Speaker: Margot Clyne, University of Colorado Boulder

Title: Volcanic eruptions in Global Climate Models

Abstract: Adding the effects of large volcanic eruptions, which cool down the Earth’s surface, to climate models may seem like a straightforward procedure, but it is not. Early versions of volcano-climate modeling made use of available observations and modeling capabilities at hand and successfully established the basics. However, since then, there has been a wide spectrum in how far models have advanced, and in different areas. Even the most simplified volcano models still have their uses in situations when lower levels of accuracy are sufficient to answer the research question or when the event is similar to the volcanoes that the model’s parameterizations had been based on (usually Pinatubo, Chichon, and Agung). Models cannot be properly adaptive to the variety of real-life scenarios unless they are fully equipped with the highest functioning chemistry and physics that do not rely on over-parameterizations whose consequences are not fully understood. Model validation is imprecise, as even the most observable volcanic eruptions still have a range of plausible initial values that models can choose from to start the volcanic injection. Moreover, the relative comparison of different models can be misleading due to the large number of models that now approach the volcano problem at various complexities in contrasting areas. But, if applied in solar geoengineering studies, it is of utmost importance that the models get things right.

In this talk, I will step through the mechanisms at play when volcanic eruptions inject stratospheric SO2, detail how volcanoes are implemented in the most advanced interactive stratospheric aerosol chemistry climate models, and provide guidelines on how to interpret results when things are parameterized in different parts of the process. This will be a deep dive into topics of atmospheric radiation and aerosol optics, aerosol microphysics, stratospheric chemistry, and more.
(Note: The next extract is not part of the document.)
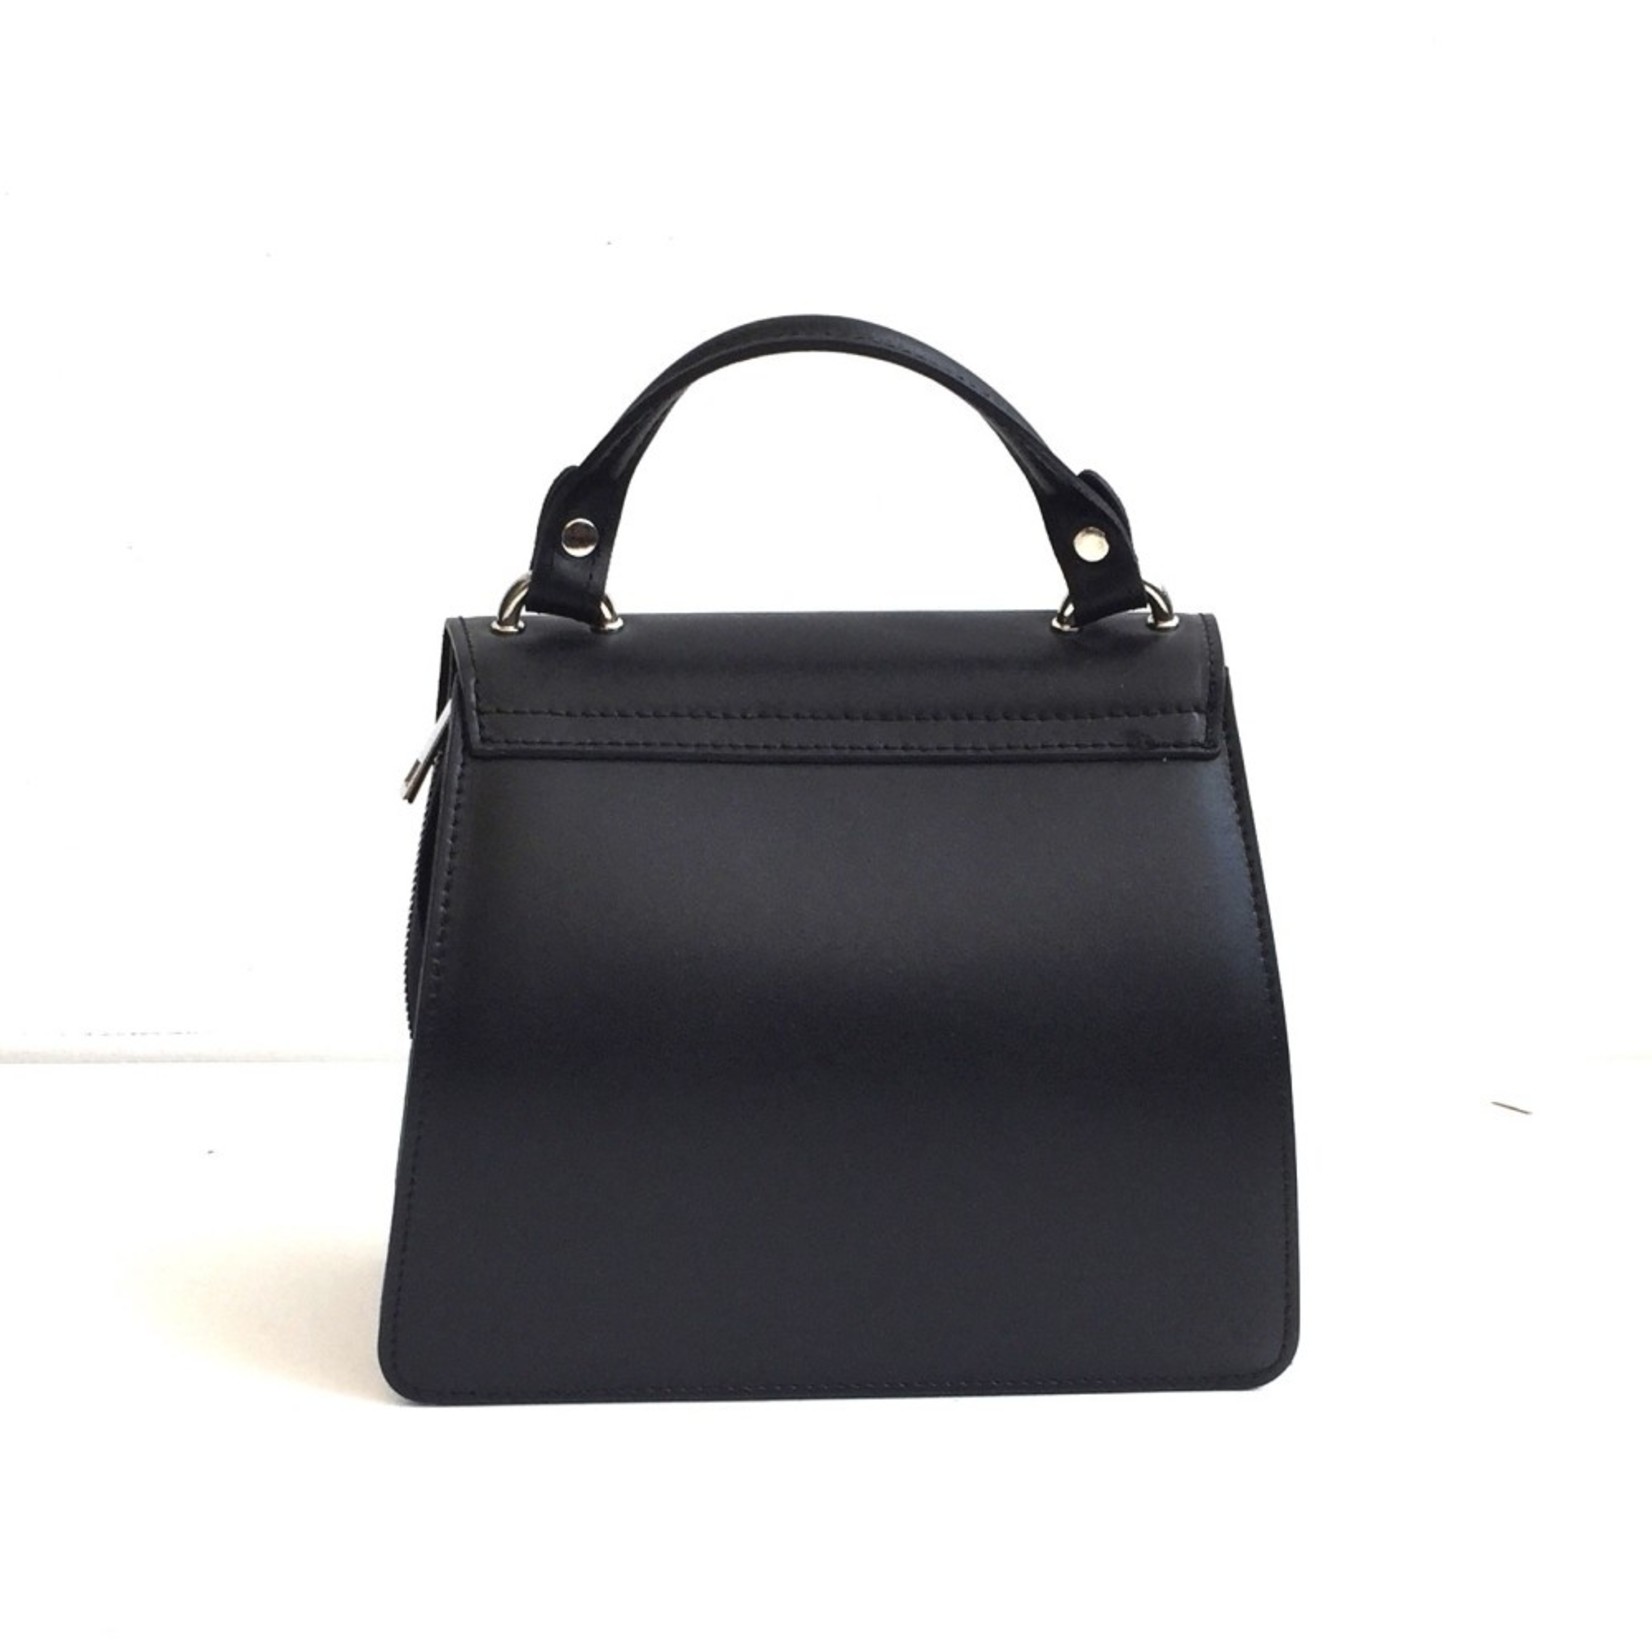 Eve's Gifts Leather handbag Black

Additionally, I will highlight some areas found in classic volcano parameterizations that could behave differently in solar geoengineering.

 

Bio: Margot Clyne is an atmospheric scientist well known in the volcano-climate interaction community. Volcanoes are a source of natural cooling, and specifying their impacts is important for reducing climate forcing uncertainty. In 2016, motivated by the potential to help improve climate models to reduce skepticism and give further evidence to policymakers that scientists are right about anthropogenic global warming, Clyne approached NCAR scientists and asked how she could help on the “volcano problem”. She had entered at a time when the “volcano problem” was a hot topic for climate modelers, and early results from the Model Intercomparison Project on the climatic response to Volcanic Forcing’s pre study on the 1815 Mt Tambora eruption had just come in. But there was a problem: All of the models disagreed. Clyne figured out why, and what needed to be done. Her 2021 paper “Model physics and chemistry causing intermodal disagreement within the VolMIP-Tambora Interactive Stratospheric Aerosol ensemble” in the Journal of Atmospheric Chemistry and Physics was selected as a peer reviewed highlight paper by the European Geophysical Union. Clyne pinpointed model development requirements in aerosol microphysics, sulfur chemistry, and more – prompting multiple agencies to make changes to their models.

Clyne is nearing the end of her PhD at the University of Colorado Boulder’s ATOC/LASP under the mentorship of highly acclaimed atmospheric scientist Owen B. Toon. Clyne’s collaborations with multiple co-authors from top modeling institutions work well with her no-stone-left-unturned approach to science, as she is pushed to provide enough evidence that everyone can agree upon. She is a talented communicator and has presented her research at numerous conferences and events. She is now leading the Hunga Tonga-Hunga Ha’apai Volcano Model Intercomparison Project (Tonga-MIP), which she created with the goal of forming a baseline standard for the volcano and climate modeling community, and will be a contributor to the SPARC-HT activity.